I suspect that the presidential blinders were spawned by the terror and tensions of the then very Cold War. Russian aggression had imposed totalitarian Communist regimes in many Central and Eastern European countries and stated Soviet policy was to overthrow as many democratic capitalist societies as possible. President Truman’s no-nonsense stand on containment of the Soviet threats and Winston Churchill’s speech on the Iron Curtain quite properly upped the ante for all parties. The world seemed to tremble on the edge of doom, for each side now had atomic weapons and advanced aircraft. Couple that fact with the successful Soviet launch of Sputnik and there is little wonder that the threat of Communism corrupted clear thinking on the part of four Presidents.

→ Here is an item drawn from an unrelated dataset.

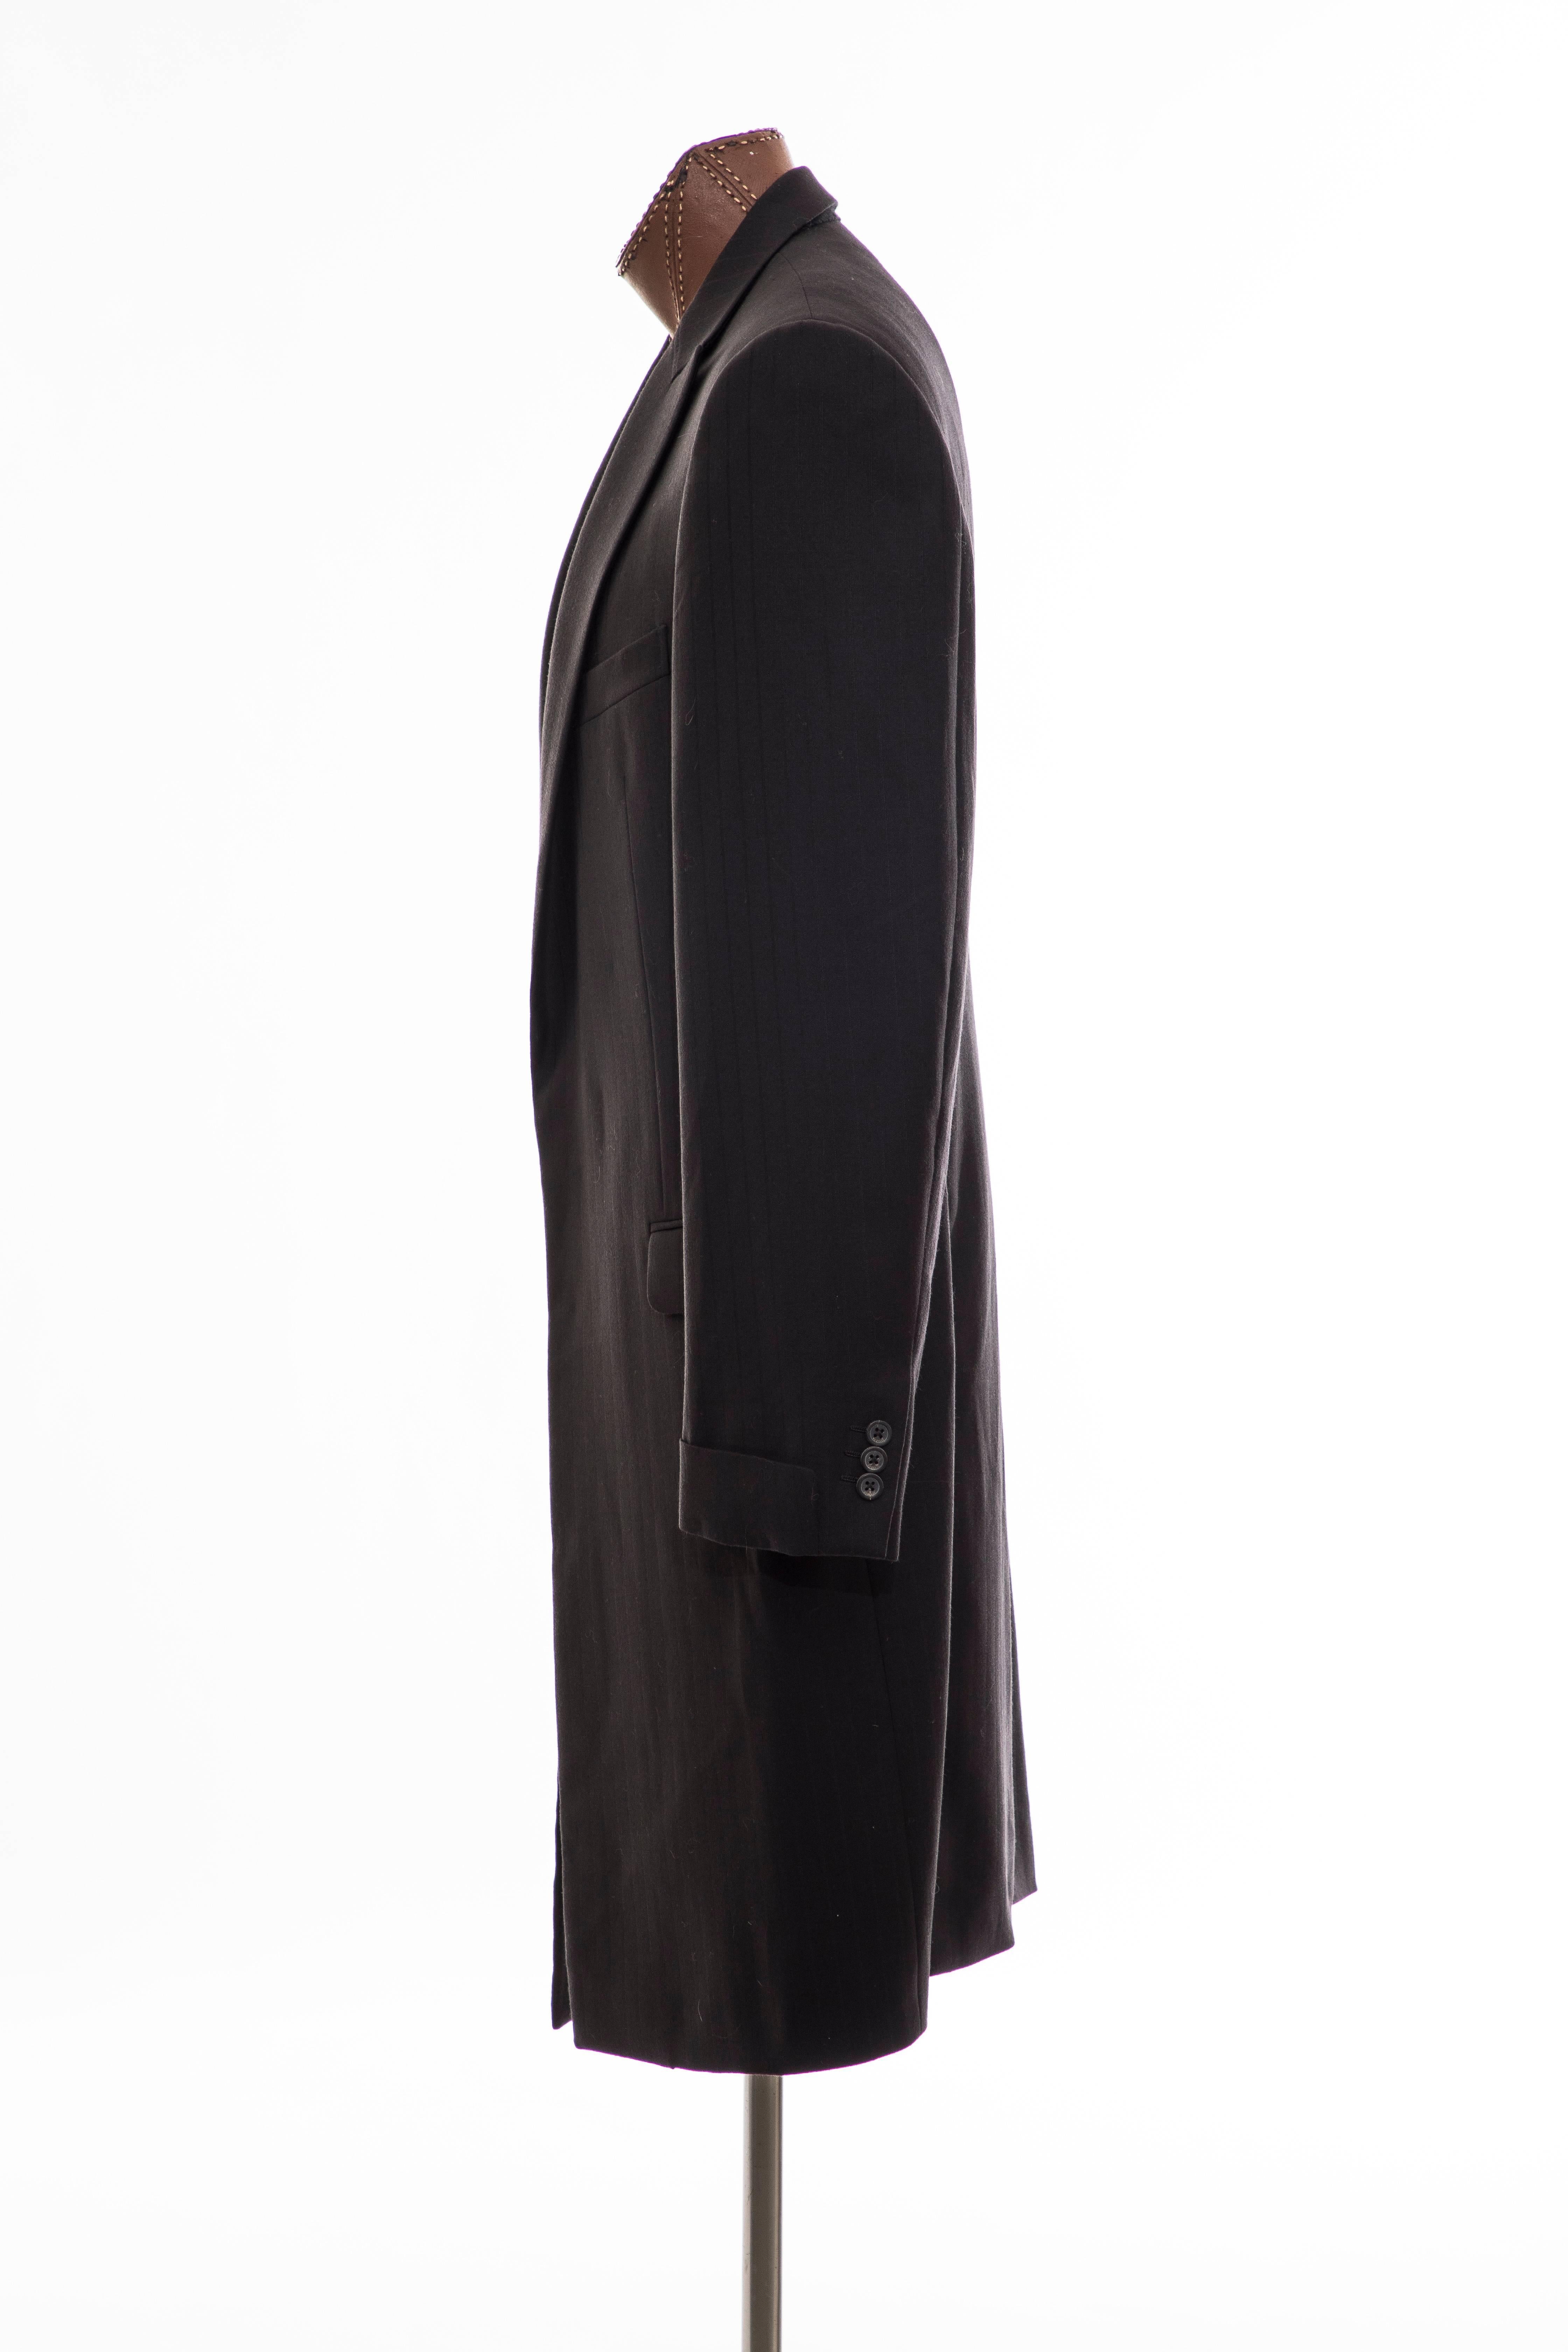 Gianni Versace Couture Men's Black Pinstriped Wool Overcoat, Circa 1990's For Sale 2

I don’t think that Ho was any more beholden to the Soviet Union or to Red China than he was to himself and the Vietnamese people. China and the Soviets were useful “allies” because they could and would supply him with the weapons he needed to fight the American colossus. As for the Soviets and the Chinese, they saw an opportunity to create a bloody and expensive abscess on American society, draining both its youth and its willpower.

Make no mistake about it---Ho was a brutal tyrant, employing every ruthless and savage technique associated with Mao, Stalin, and Lenin and their reigns of murder and terror. But he was a Vietnamese tyrant and it should have been left to the Vietnamese people to resolve their internal political conflicts rather than young American boys.

Much was made back then about the “domino theory” of Communist aggression and expansion. Ironies emerge from that domino theory.

One irony was that the biggest domino to fall was America’s standing in the world as well as its standing with many of its own citizens.

A second irony was that learned men, serious students of history, could so easily overlook certain things in plain view.

Tom Finneran is the former Speaker of the Massachusetts House of Representatives, served as the head the Massachusetts Biotechnology Council, and was a longstanding radio voice in Boston radio.